**PROBLEM DESCRIPTION:** In the listing below, find the line with "海威する連邦セラピスト沈静コンディショナー(300ミリリットル) x4 - Evo" and the line with "本日限定価格【新品・未開封・日本製】playstation5 本体 プレイステーション5", then return them and every line between them exactly, minus the pictures.

**RECORDS SUPPLIED:**
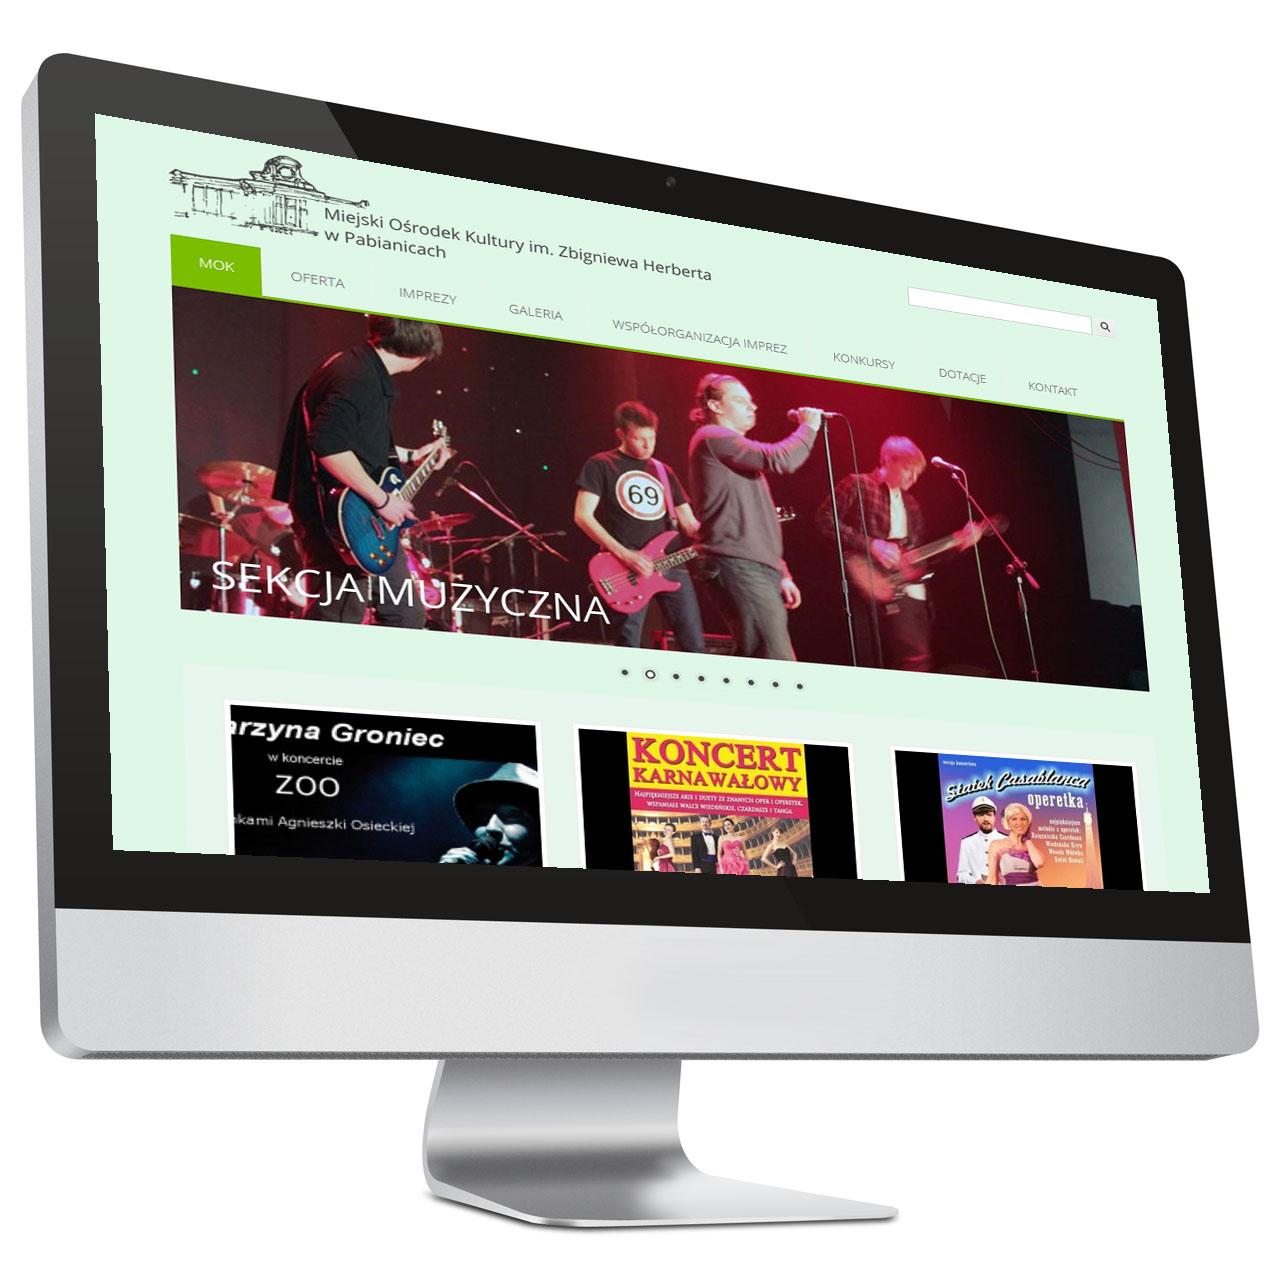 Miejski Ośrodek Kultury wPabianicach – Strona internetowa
--
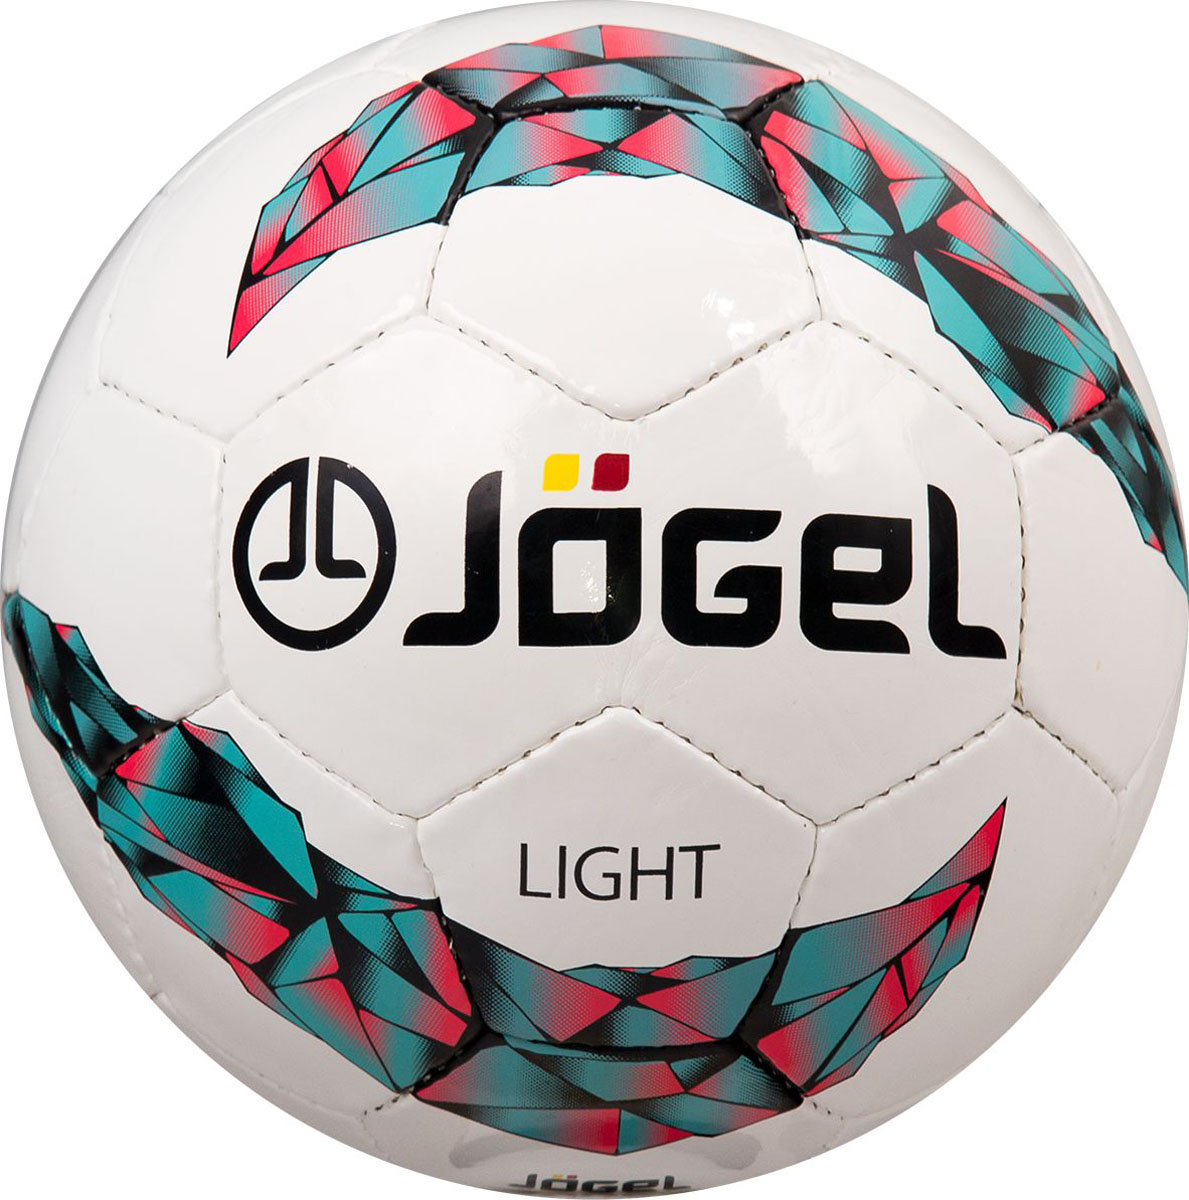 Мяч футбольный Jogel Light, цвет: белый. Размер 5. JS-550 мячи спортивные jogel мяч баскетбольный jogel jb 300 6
* * *
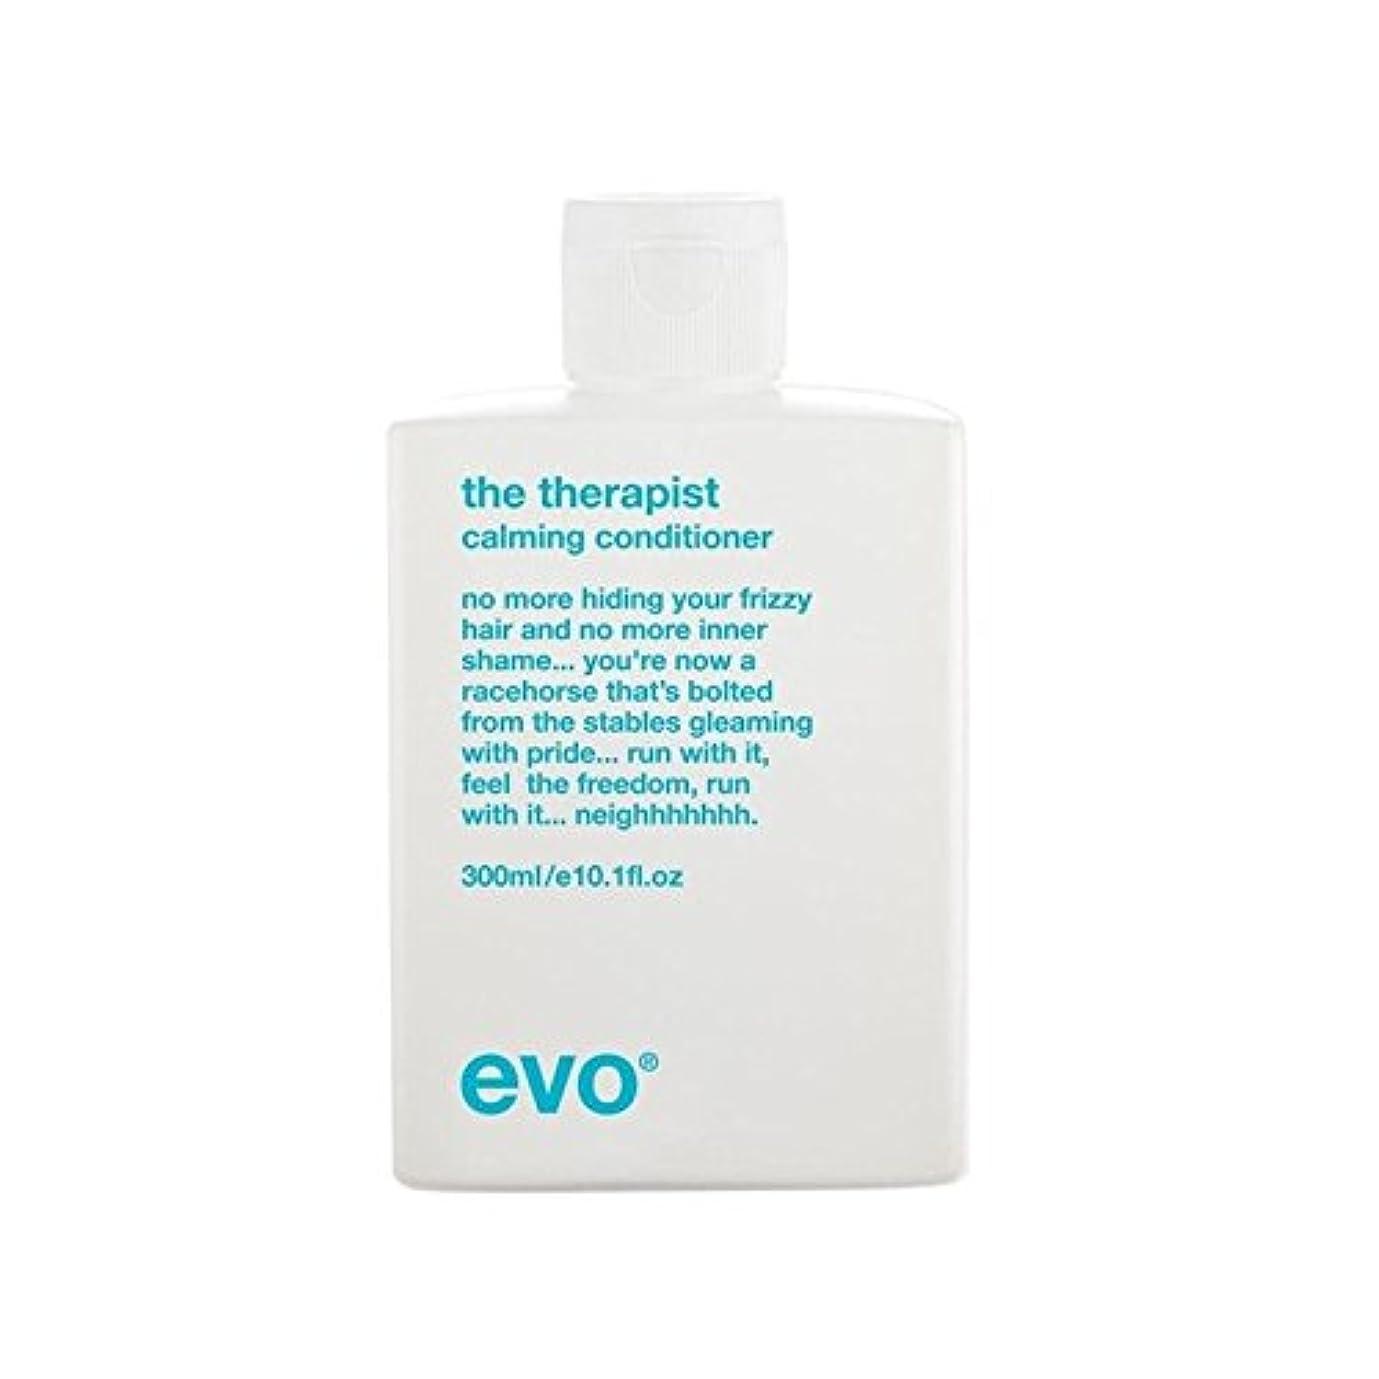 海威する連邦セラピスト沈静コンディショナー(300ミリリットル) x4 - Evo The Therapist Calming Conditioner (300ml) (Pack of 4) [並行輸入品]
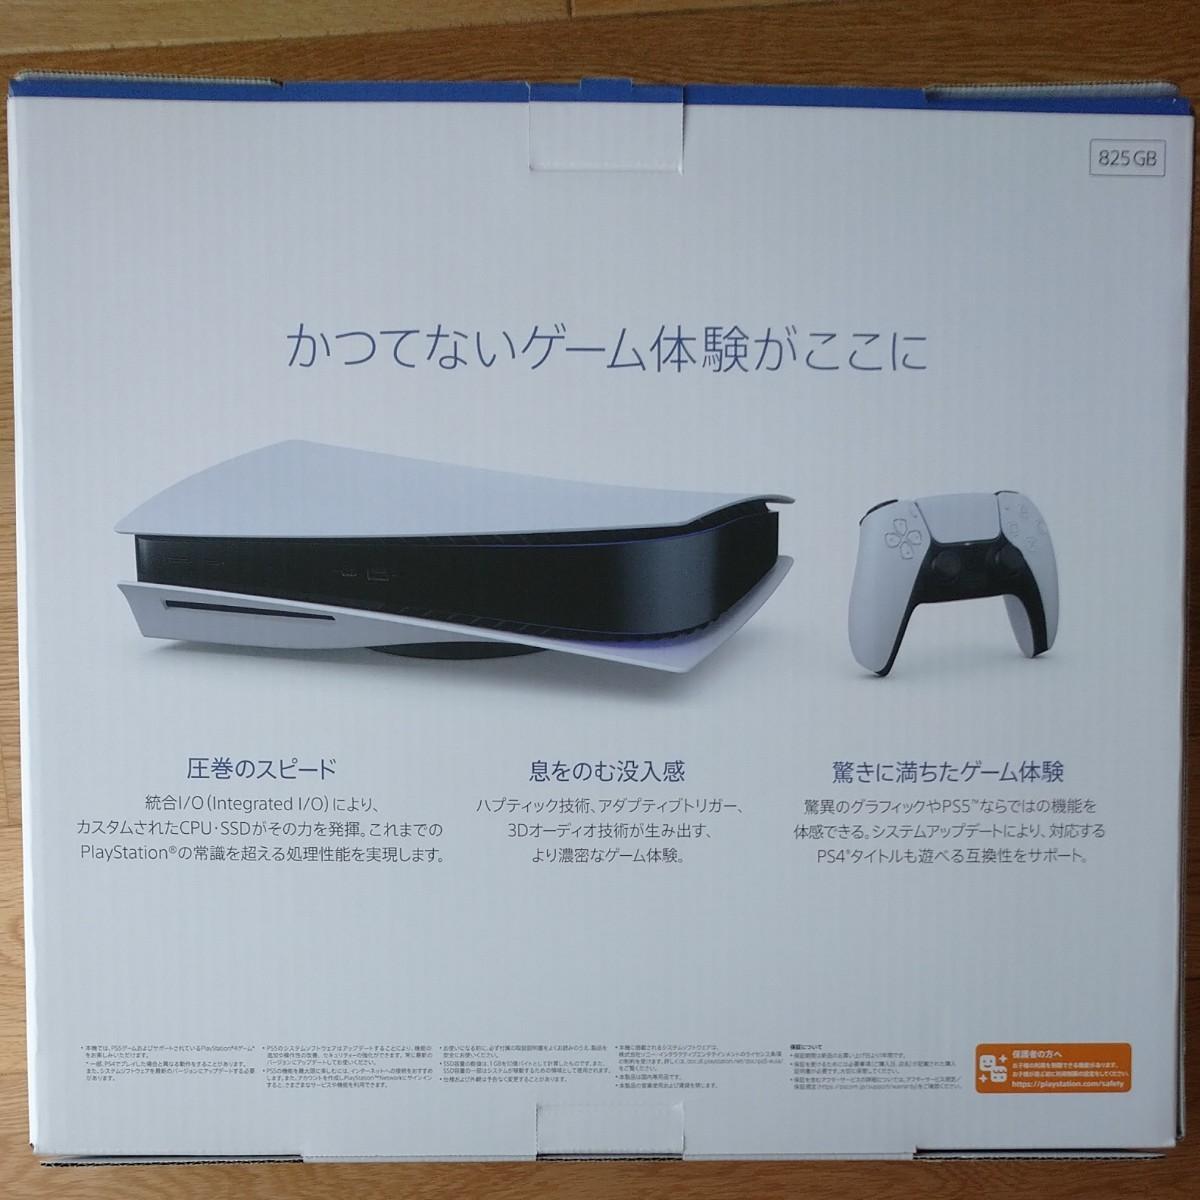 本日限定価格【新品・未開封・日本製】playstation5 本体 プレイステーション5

**EXERCISE RESULT:**
 海威する連邦セラピスト沈静コンディショナー(300ミリリットル) x4 - Evo The Therapist Calming Conditioner (300ml) (Pack of 4) [並行輸入品]
 本日限定価格【新品・未開封・日本製】playstation5 本体 プレイステーション5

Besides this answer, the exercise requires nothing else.